Friday, May 13, 2011

Grass wars

Spring has arrived in Iowa in it's usual abrupt way. Furnace running full blast one day, 90 degree temperatures the next. Each year when this precursor to a summer of devastating soul sucking heat and humidity arrives the wife and I start our annual attempt to grow grass.

Ten years ago when we bought our house our feelings were "Wow - look at the huge oak trees in the front and back yard". Now it is more like "These damn oak trees!" The trees in question are huge pin oaks probably in the neighborhood of eighty plus years old in excess of 6 feet in diameter and fifty feet tall. The trees are so large that when you view our address on Google Earth pictures taken in summer show our entire yard, parts of the house and parts of neighbors' yards completely obscured by foliage. They look impressive when leafed out as they were when we bought the place, but during the year they drop amazing amounts of dead wood during windy conditions - limbs ranging in size from the thickness of a thumb to that of my thigh; carpet our driveway, lawn and sidewalk with a solid layer of acorns in the fall; and drop leaves for two months that amount to at least forty-five thirty gallon bags full mulched and tamped down. And in addition to providing us with a year round opportunity for yard clean up they inhibit the grass.

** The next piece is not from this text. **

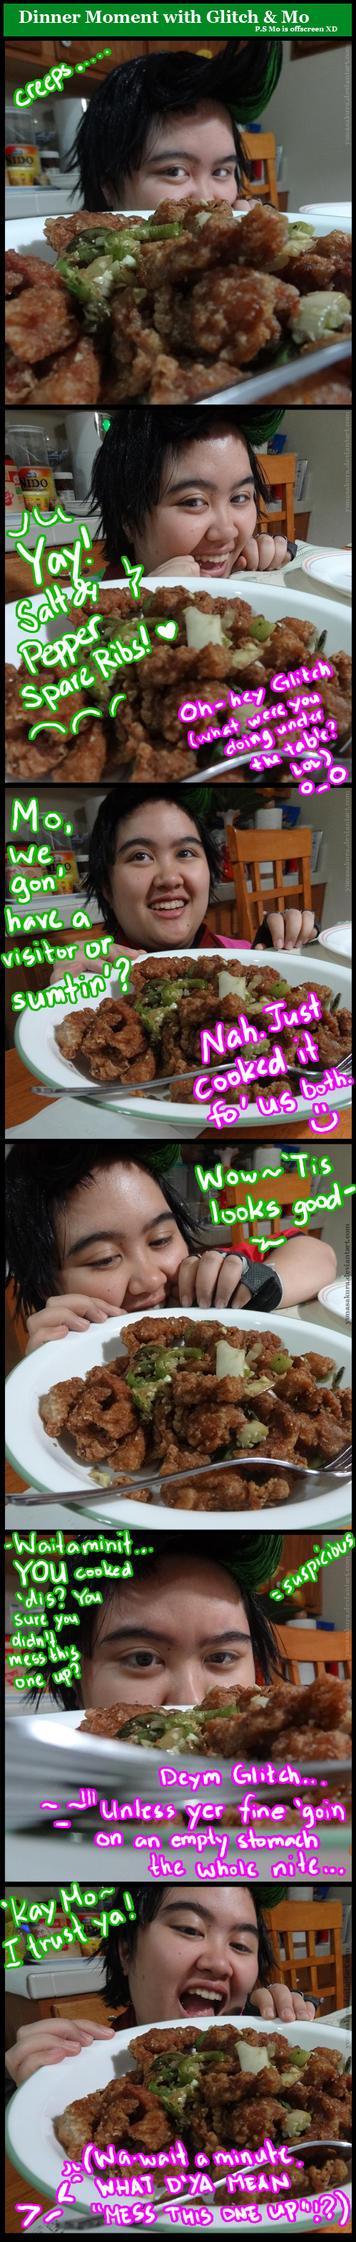 Random Dinner Moment with Mo and Glitch by YunaSakura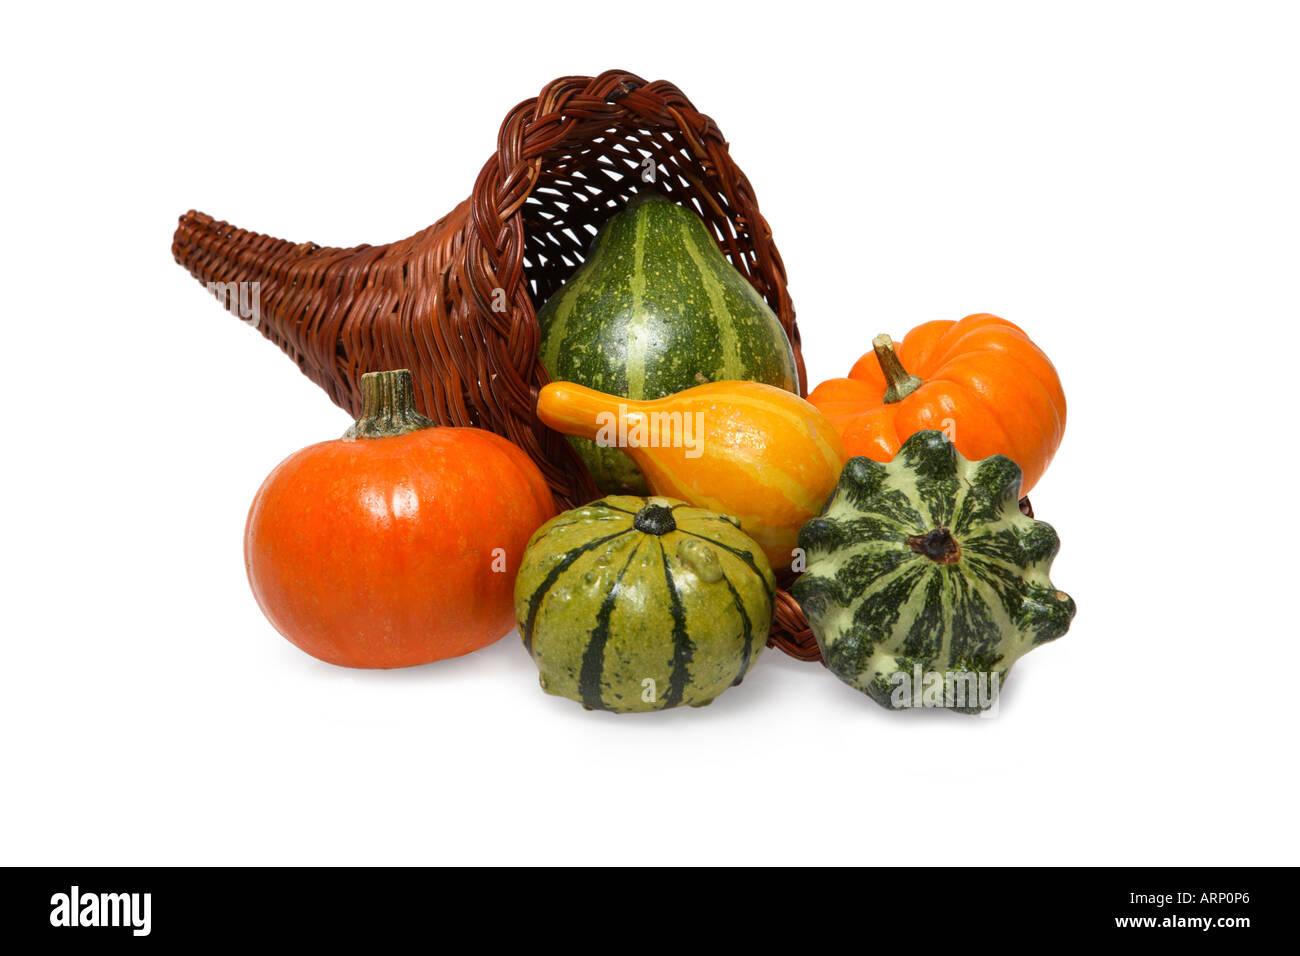 Cornucopia of Colorful Fall Gourds - Stock Image

One of the first things we noticed when we moved in was that the lawn both front and back had bare patches ranging in size from three inches to two feet in diameter. The lady next door told us the prior owners had used a lawn service but had always had the problem. Thus began a ten year battle to grow grass where grass will not grow. At first I believed as others may that the trees were taking all the nutrients and water so lots of fertilizer and regular watering were applied to no avail.

Over the years we subsequently have tried:

Seasonal application of weed and feed type fertilizers: These seem to inhibit dandelions but let Creeping Charlie, Virginia Creeper and crabgrass run wild. As to the "feed" part, there has been no discernible affect on the grass.

Zoysia Grass: This comes in "plugs" which you space at one foot intervals over bare patches. It grows only in places where there is full blinding sunlight at least nine hours a day with no hint of shade. In the fall it turns yellow and remains yellow until well into late spring when it finally turns green. To be fair, where it will grow it grows thick and lush. We now have a patch approximately two feet by three feet in the extreme south east corner of our front lawn after an attempt at four hundred square feet of coverage nine years ago.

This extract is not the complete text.